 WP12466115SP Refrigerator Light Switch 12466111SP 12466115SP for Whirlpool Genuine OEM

::::

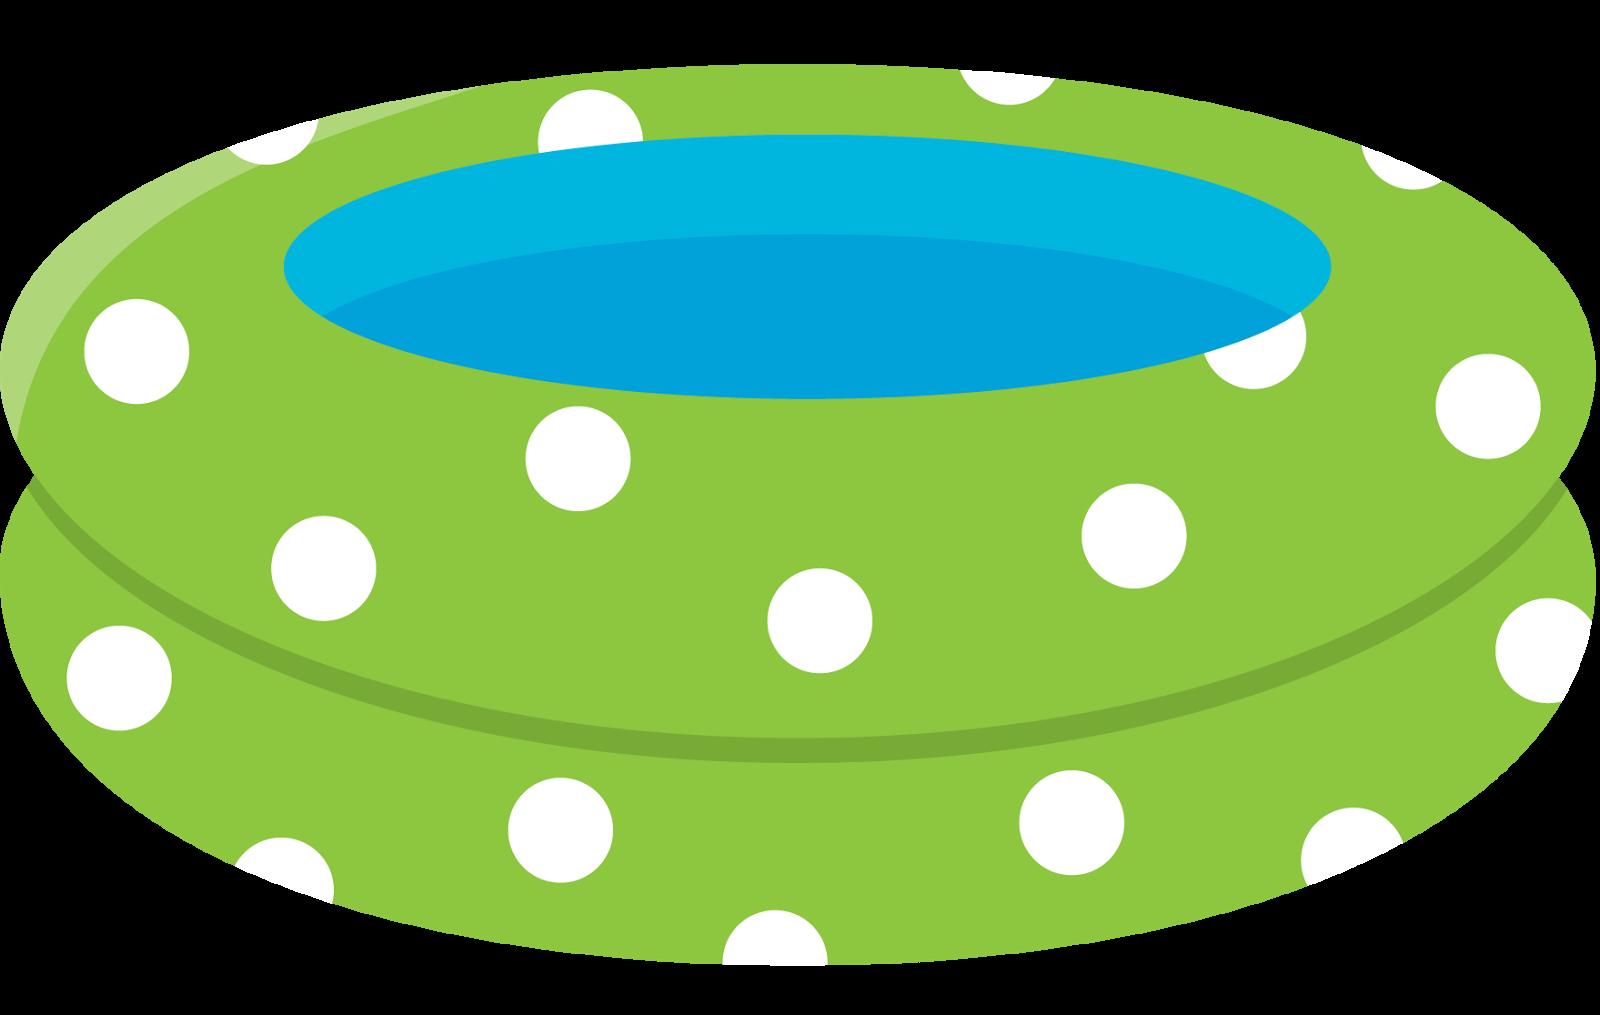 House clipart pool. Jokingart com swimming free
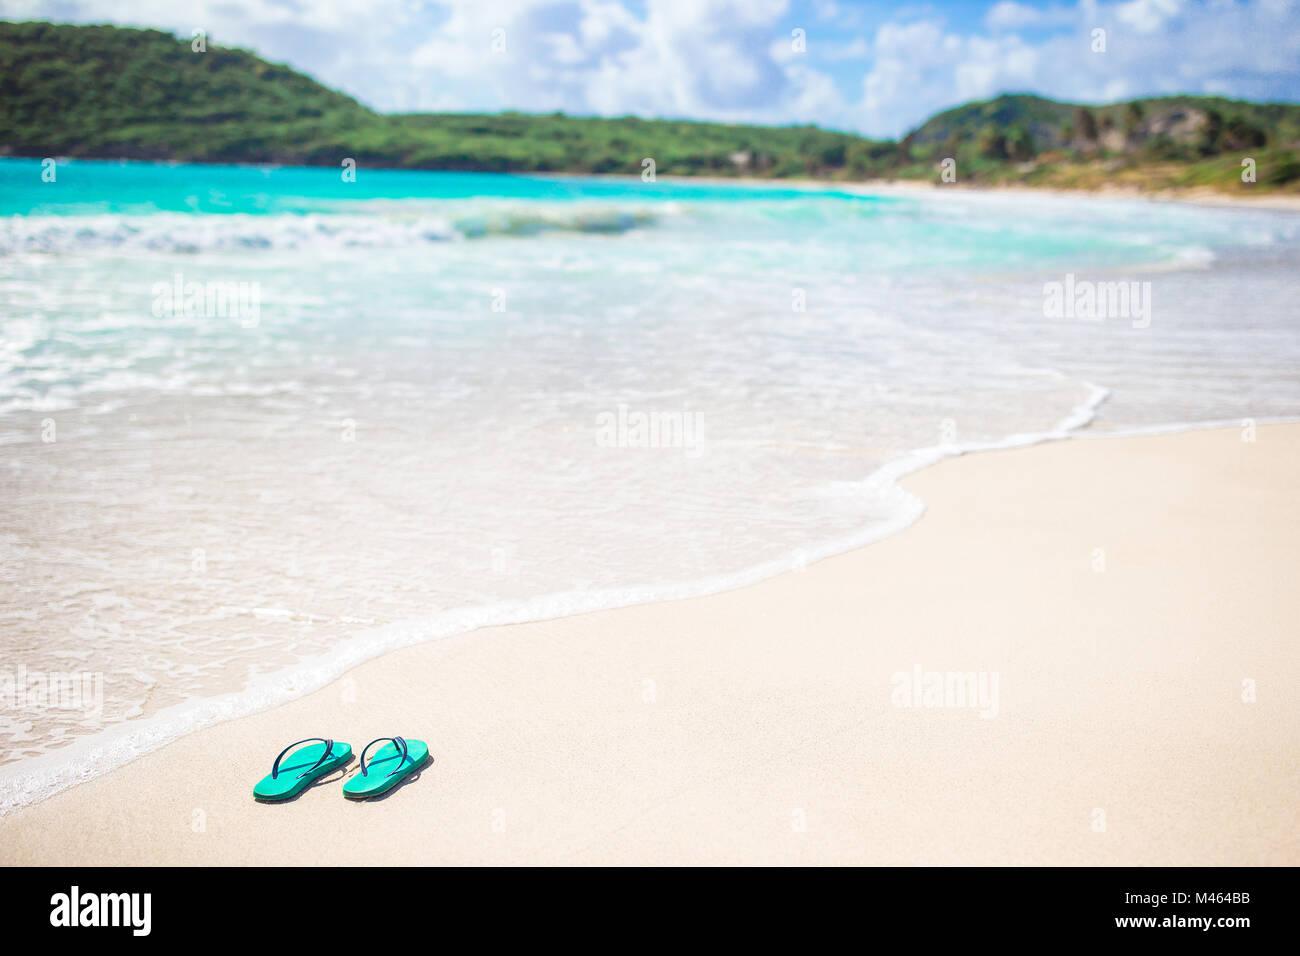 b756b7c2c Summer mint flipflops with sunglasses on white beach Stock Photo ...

::::

=== EXERCISE ===
Give again the lines of the listing above that run from the one with "House clipart pool." up to and including the one with "b756b7c2c Summer mint". Keep them exact and omit the pictures.

=== OUTPUT OF THE TASK ===
 House clipart pool. Jokingart com swimming free
 b756b7c2c Summer mint flipflops with sunglasses on white beach Stock Photo ...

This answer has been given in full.